• _Data_:
[Start of Attachment]

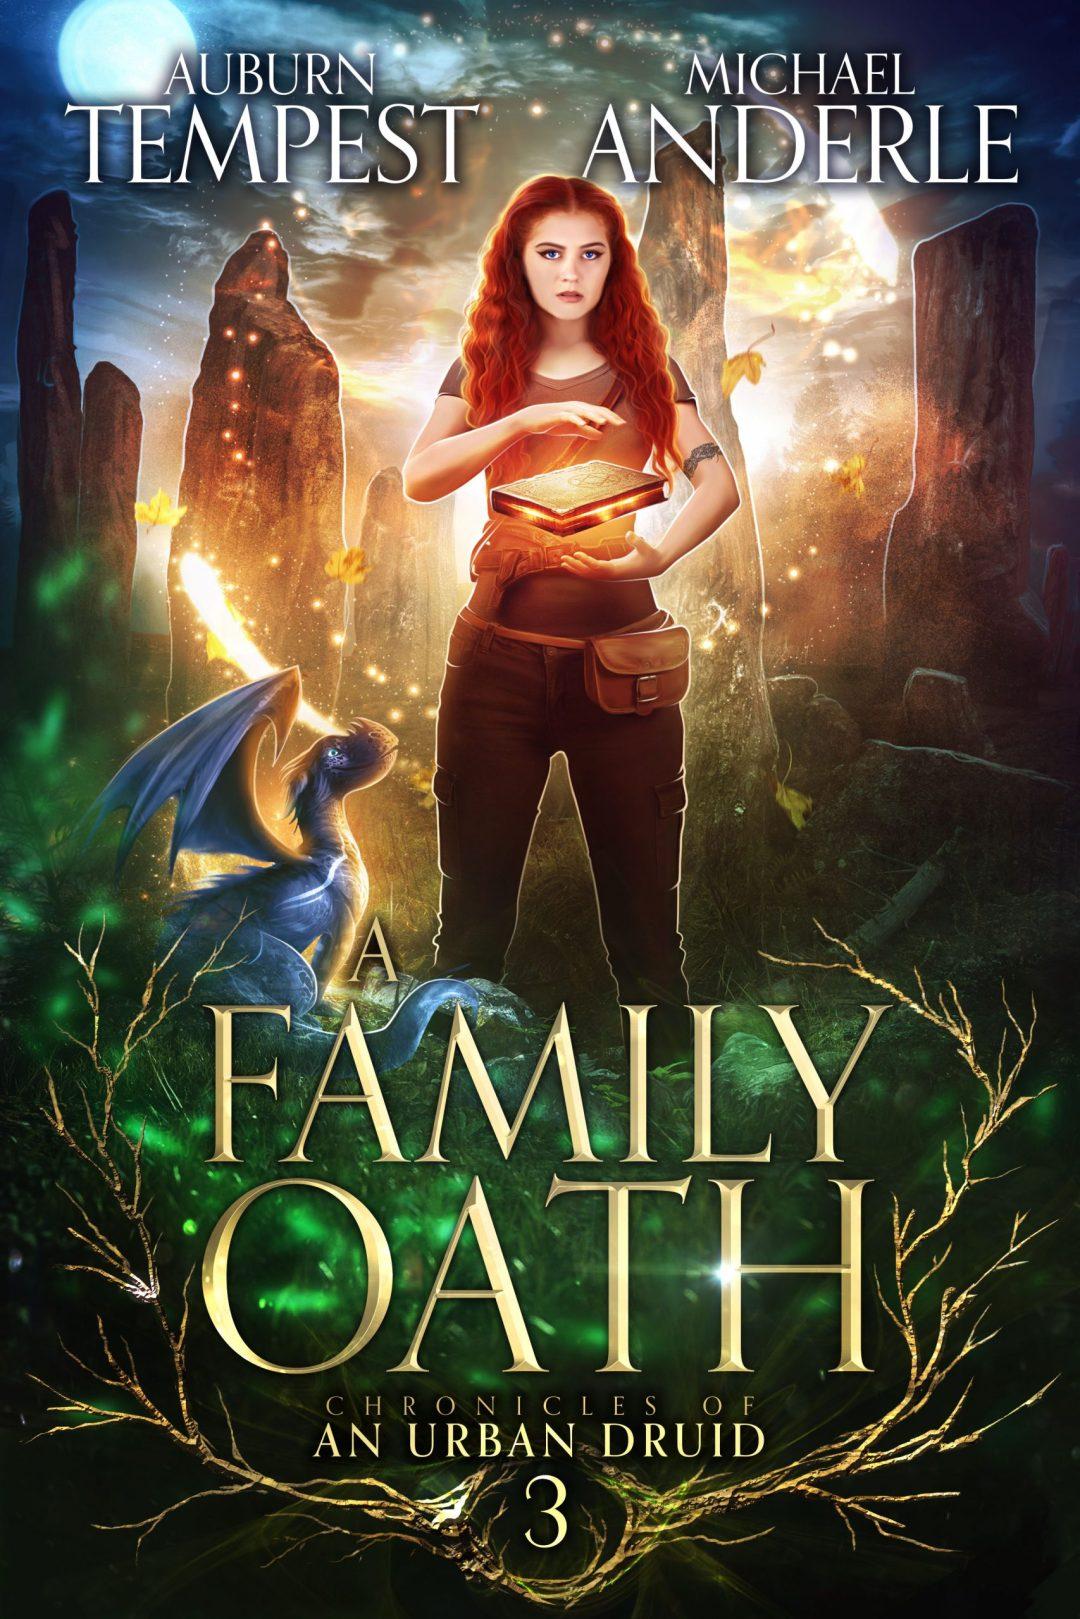 FAMILY OATH E-BOOK COVER
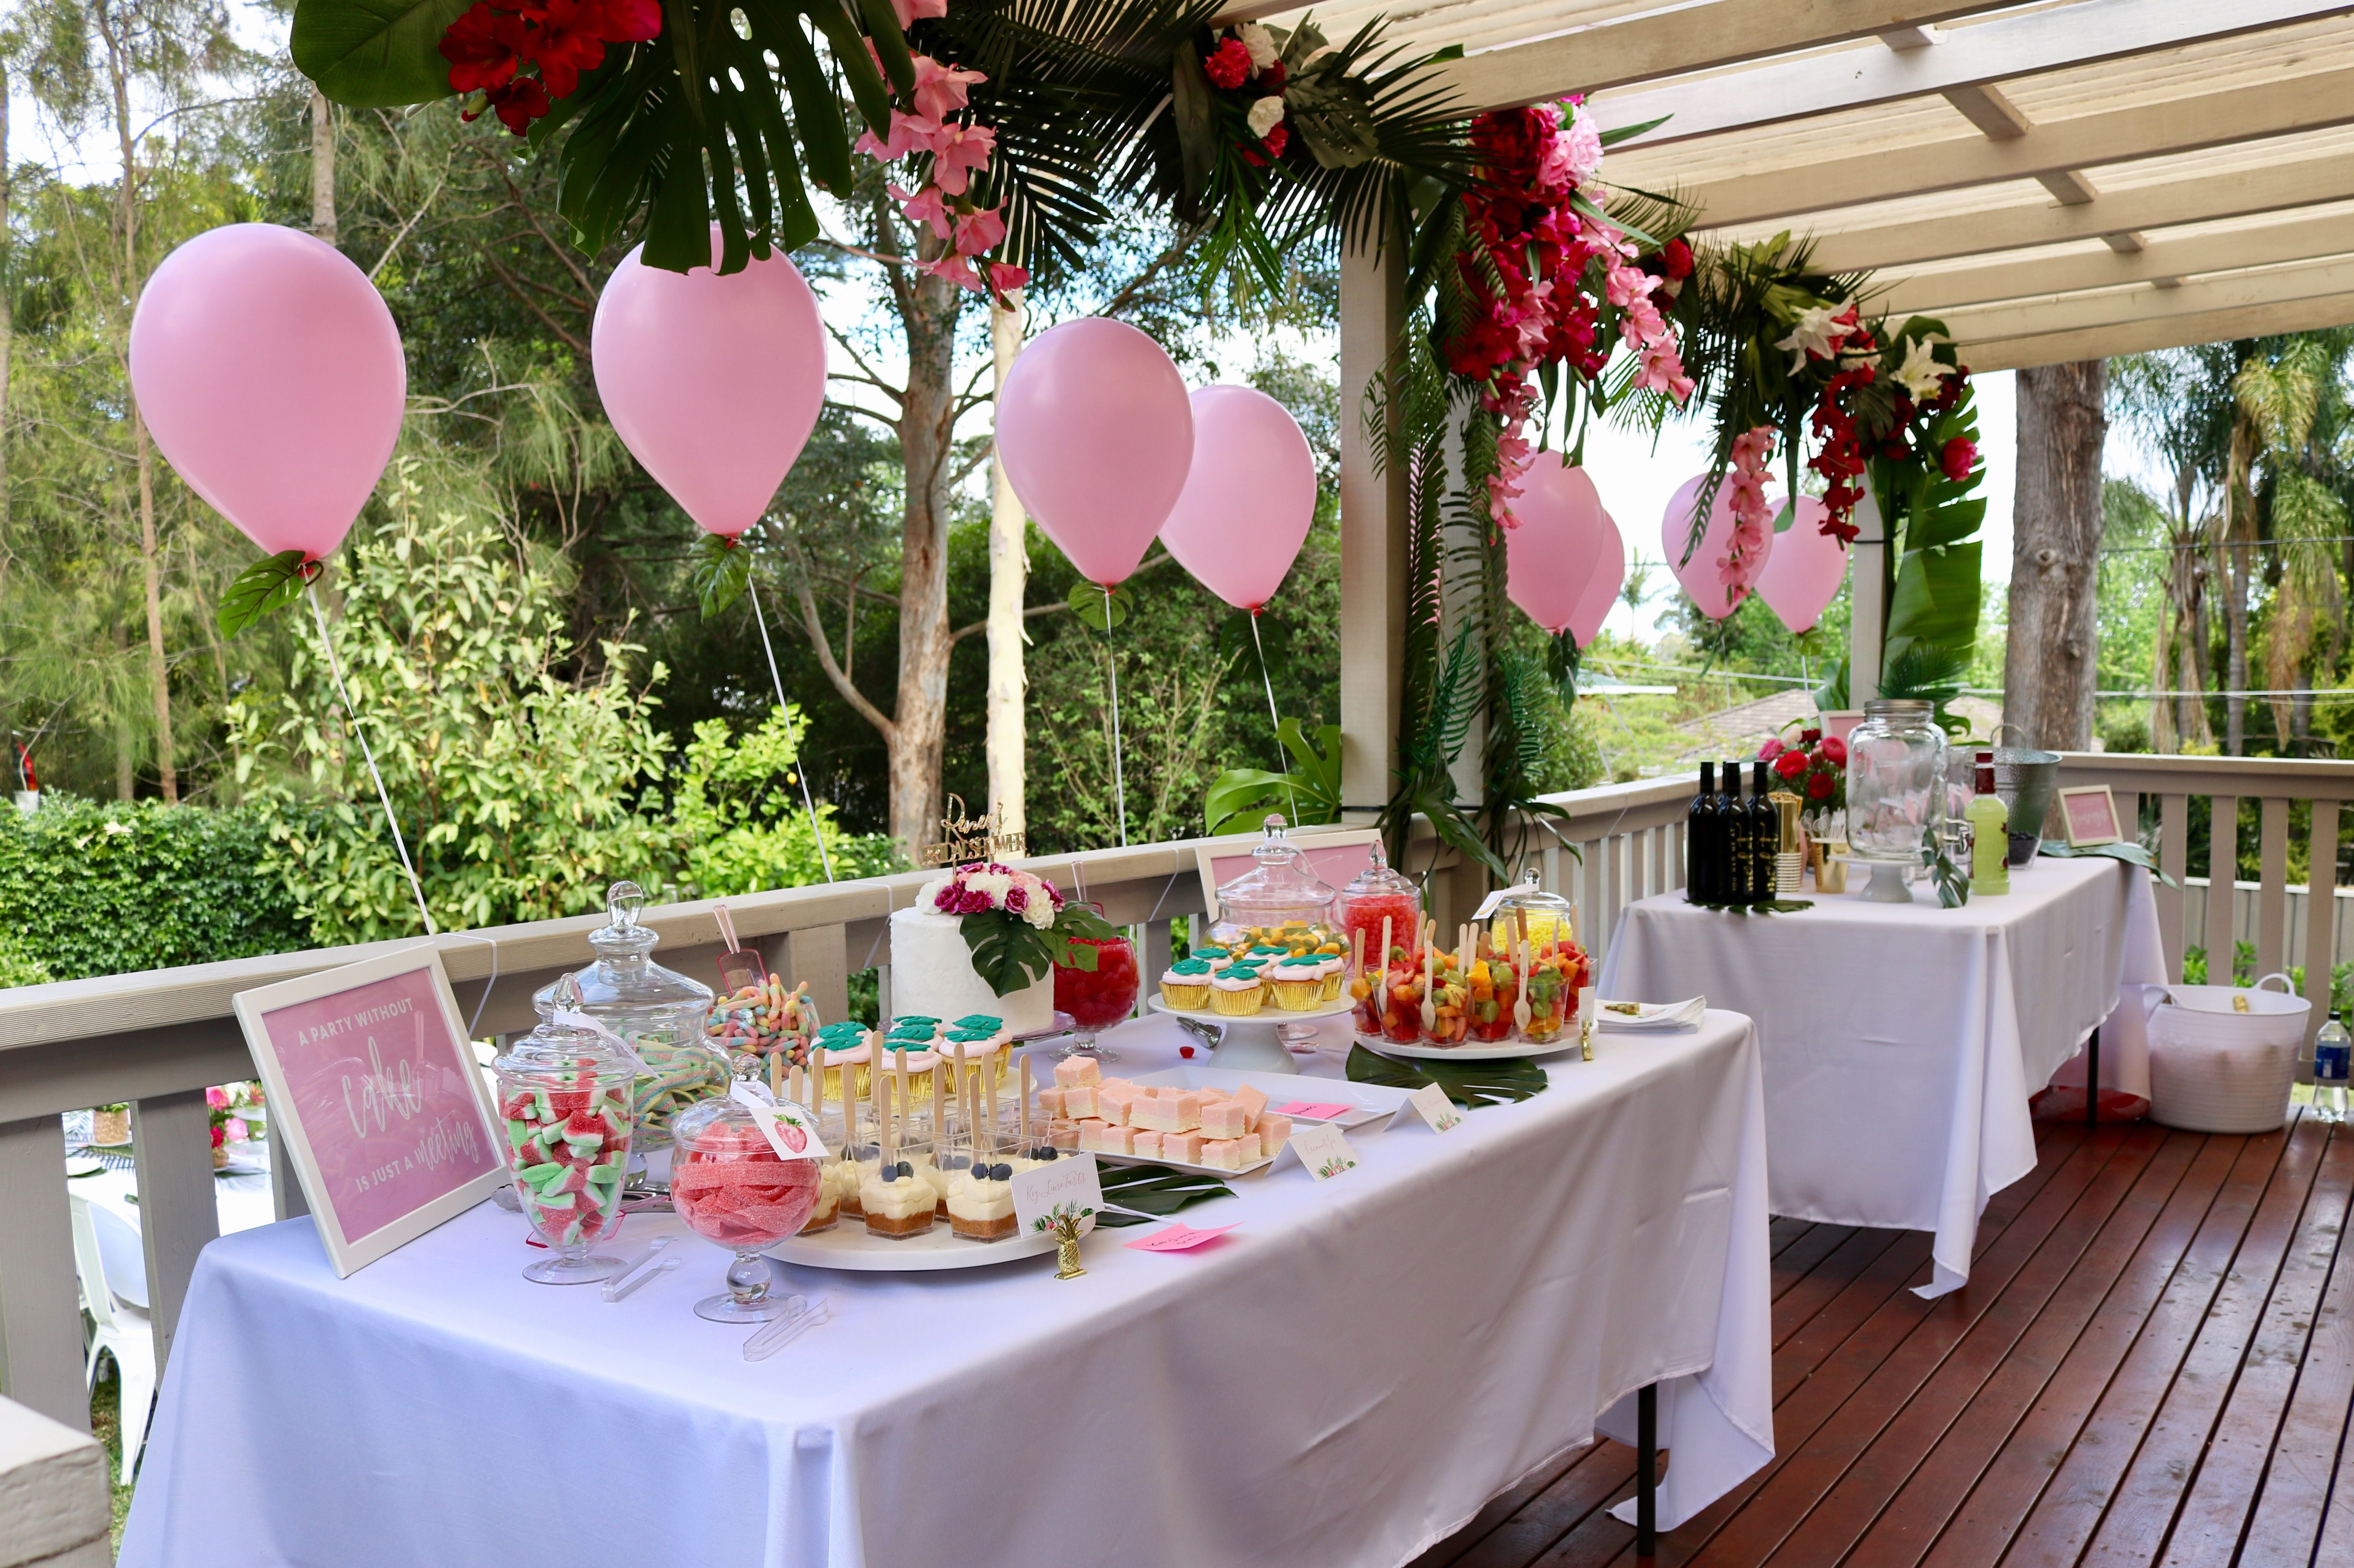 Tropical Bridal Shower Decor  Kitchen Tea Ideas  Pink Balloons
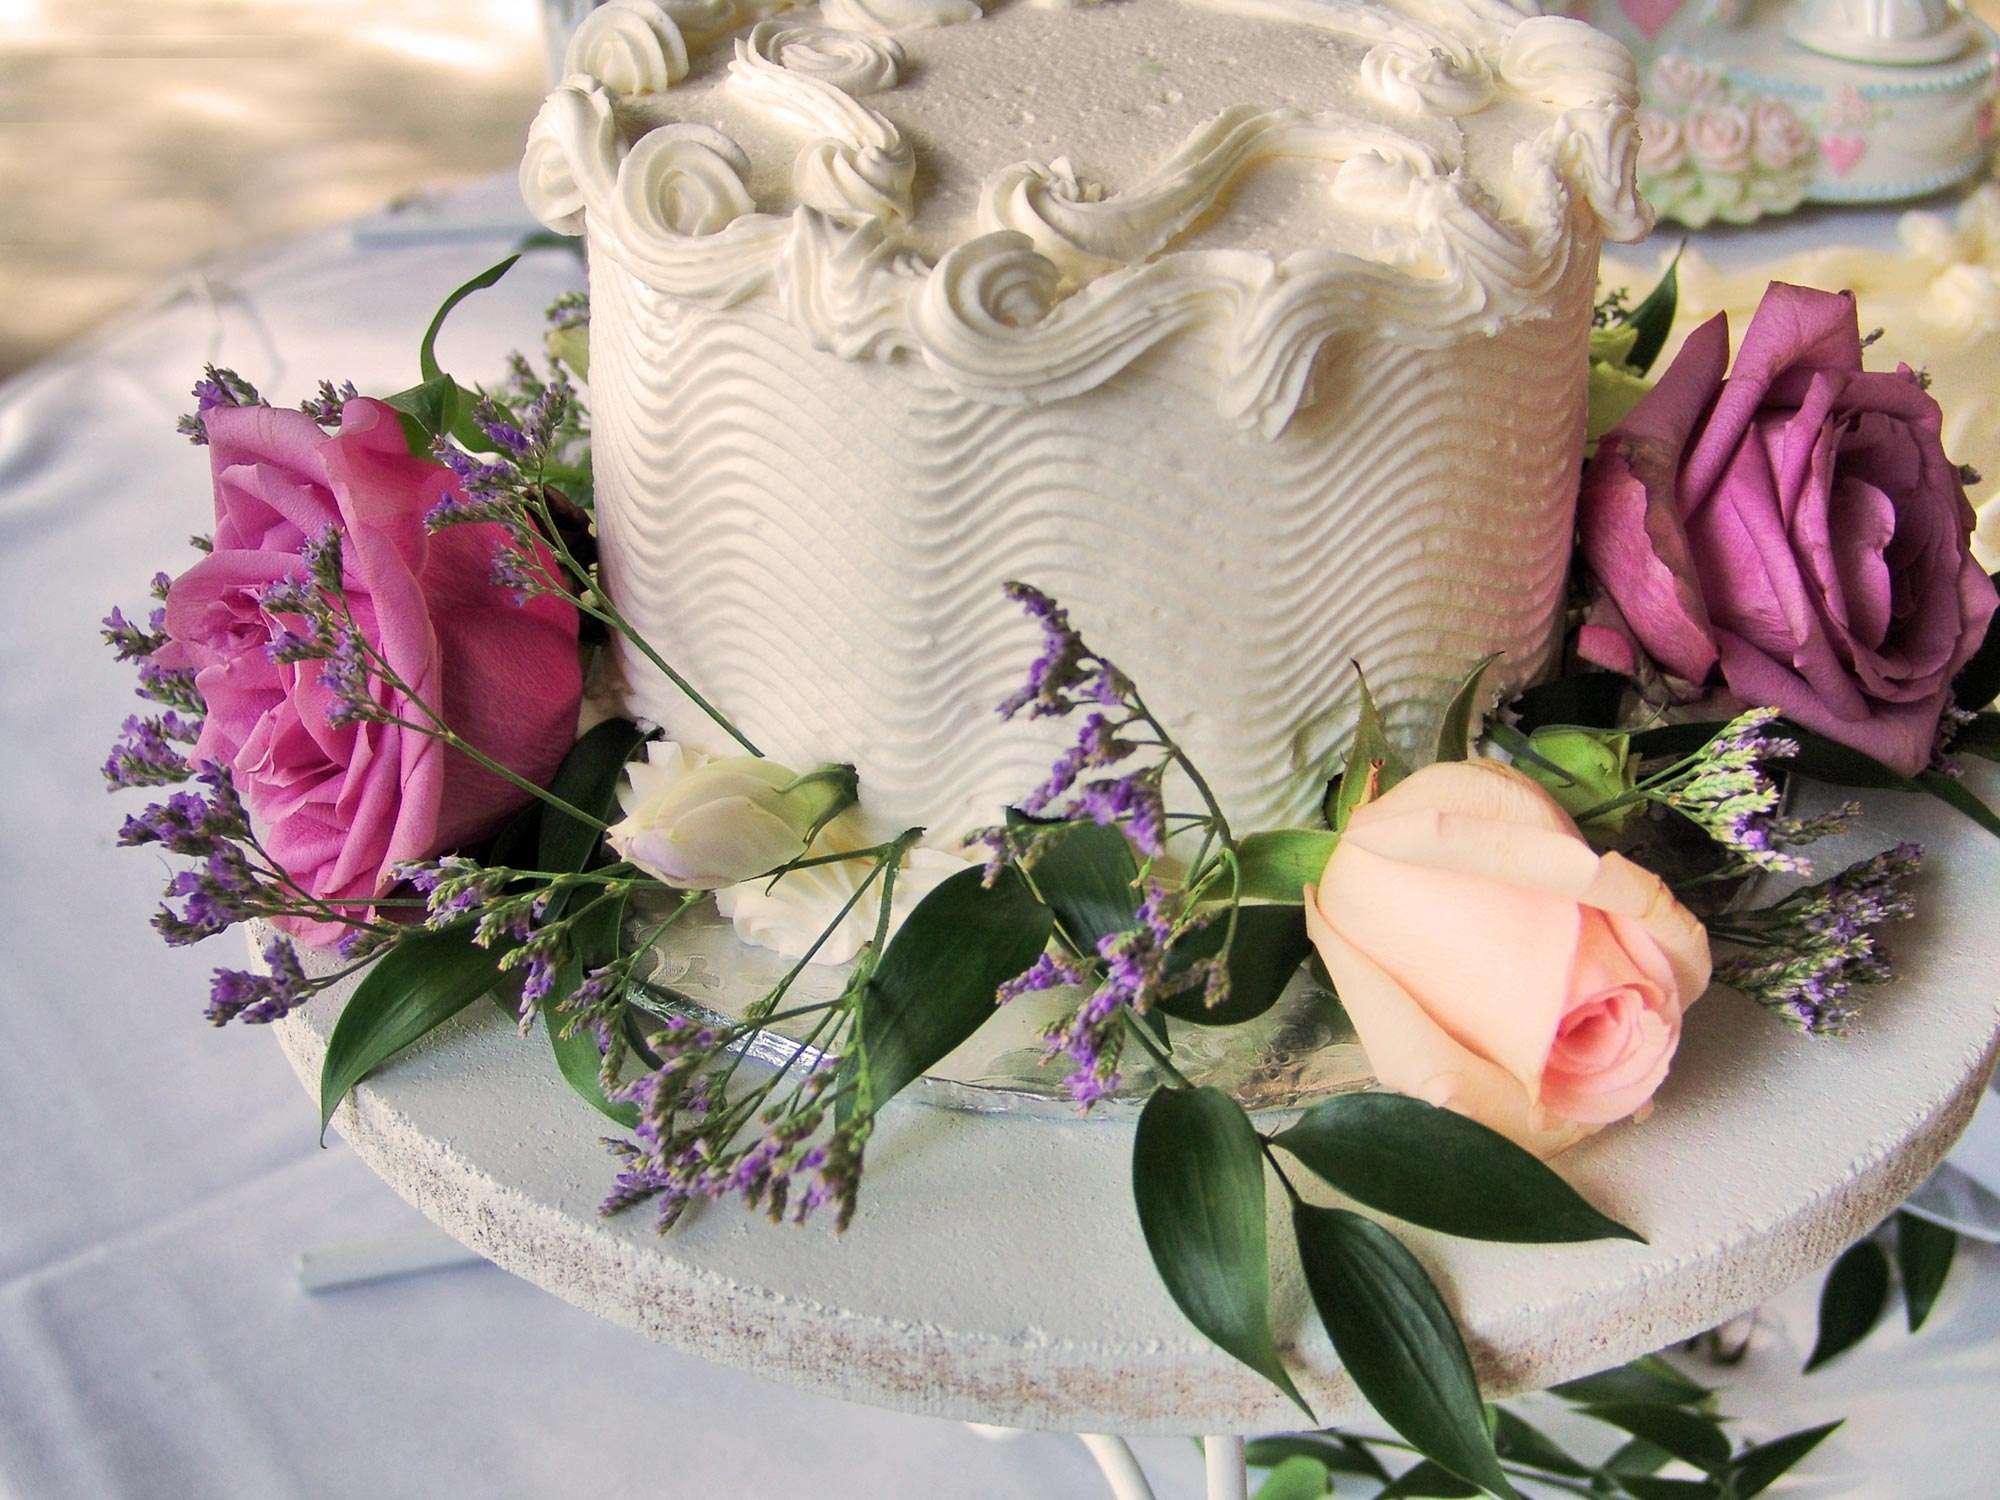 Freeze Your Wedding Cake

[End of Attachment]

• _Work instructions_: Print all the material above verbatim and omit its pictures.

• _Task solution_:
 FAMILY OATH E-BOOK COVER
 Tropical Bridal Shower Decor  Kitchen Tea Ideas  Pink Balloons
 Freeze Your Wedding Cake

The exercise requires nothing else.